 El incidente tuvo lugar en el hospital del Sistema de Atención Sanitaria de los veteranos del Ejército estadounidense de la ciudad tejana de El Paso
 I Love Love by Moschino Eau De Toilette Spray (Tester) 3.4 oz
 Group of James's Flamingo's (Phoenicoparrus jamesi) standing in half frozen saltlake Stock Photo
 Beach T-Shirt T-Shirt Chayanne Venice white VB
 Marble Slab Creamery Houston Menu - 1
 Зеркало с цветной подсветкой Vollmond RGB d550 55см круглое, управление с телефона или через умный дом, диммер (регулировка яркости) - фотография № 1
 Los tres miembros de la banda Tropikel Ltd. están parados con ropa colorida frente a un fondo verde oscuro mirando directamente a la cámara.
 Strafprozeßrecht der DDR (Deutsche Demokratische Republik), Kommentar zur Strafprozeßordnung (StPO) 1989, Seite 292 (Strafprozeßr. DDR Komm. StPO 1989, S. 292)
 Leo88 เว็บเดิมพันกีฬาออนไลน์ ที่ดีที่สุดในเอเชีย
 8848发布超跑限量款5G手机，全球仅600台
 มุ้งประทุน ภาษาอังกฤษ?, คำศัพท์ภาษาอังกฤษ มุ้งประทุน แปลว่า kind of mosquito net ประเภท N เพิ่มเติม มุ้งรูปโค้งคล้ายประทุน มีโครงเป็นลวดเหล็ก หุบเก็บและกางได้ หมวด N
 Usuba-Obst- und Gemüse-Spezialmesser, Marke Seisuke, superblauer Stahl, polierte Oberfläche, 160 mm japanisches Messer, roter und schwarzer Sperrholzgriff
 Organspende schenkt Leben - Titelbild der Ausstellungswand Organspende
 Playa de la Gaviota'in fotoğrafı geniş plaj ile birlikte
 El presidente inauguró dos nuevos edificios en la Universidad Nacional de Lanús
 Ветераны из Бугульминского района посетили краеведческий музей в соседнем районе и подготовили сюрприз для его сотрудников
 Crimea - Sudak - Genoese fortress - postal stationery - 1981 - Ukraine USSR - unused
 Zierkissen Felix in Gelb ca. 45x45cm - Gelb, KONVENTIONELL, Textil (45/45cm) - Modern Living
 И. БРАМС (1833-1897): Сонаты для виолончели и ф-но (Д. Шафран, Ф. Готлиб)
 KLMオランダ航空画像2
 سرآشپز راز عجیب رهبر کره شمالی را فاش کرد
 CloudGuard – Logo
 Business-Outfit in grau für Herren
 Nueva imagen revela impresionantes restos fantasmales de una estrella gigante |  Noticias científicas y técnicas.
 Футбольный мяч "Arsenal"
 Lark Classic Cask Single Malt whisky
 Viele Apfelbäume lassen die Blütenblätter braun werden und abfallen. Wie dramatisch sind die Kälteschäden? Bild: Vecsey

- - -

• _Required action_
The answer must be the lines from the one containing "El presidente inauguró" to the final line of the data above, copied exactly, both included, with nothing added.

• _Response for this exercise_
 El presidente inauguró dos nuevos edificios en la Universidad Nacional de Lanús
 Ветераны из Бугульминского района посетили краеведческий музей в соседнем районе и подготовили сюрприз для его сотрудников
 Crimea - Sudak - Genoese fortress - postal stationery - 1981 - Ukraine USSR - unused
 Zierkissen Felix in Gelb ca. 45x45cm - Gelb, KONVENTIONELL, Textil (45/45cm) - Modern Living
 И. БРАМС (1833-1897): Сонаты для виолончели и ф-но (Д. Шафран, Ф. Готлиб)
 KLMオランダ航空画像2
 سرآشپز راز عجیب رهبر کره شمالی را فاش کرد
 CloudGuard – Logo
 Business-Outfit in grau für Herren
 Nueva imagen revela impresionantes restos fantasmales de una estrella gigante |  Noticias científicas y técnicas.
 Футбольный мяч "Arsenal"
 Lark Classic Cask Single Malt whisky
 Viele Apfelbäume lassen die Blütenblätter braun werden und abfallen. Wie dramatisch sind die Kälteschäden? Bild: Vecsey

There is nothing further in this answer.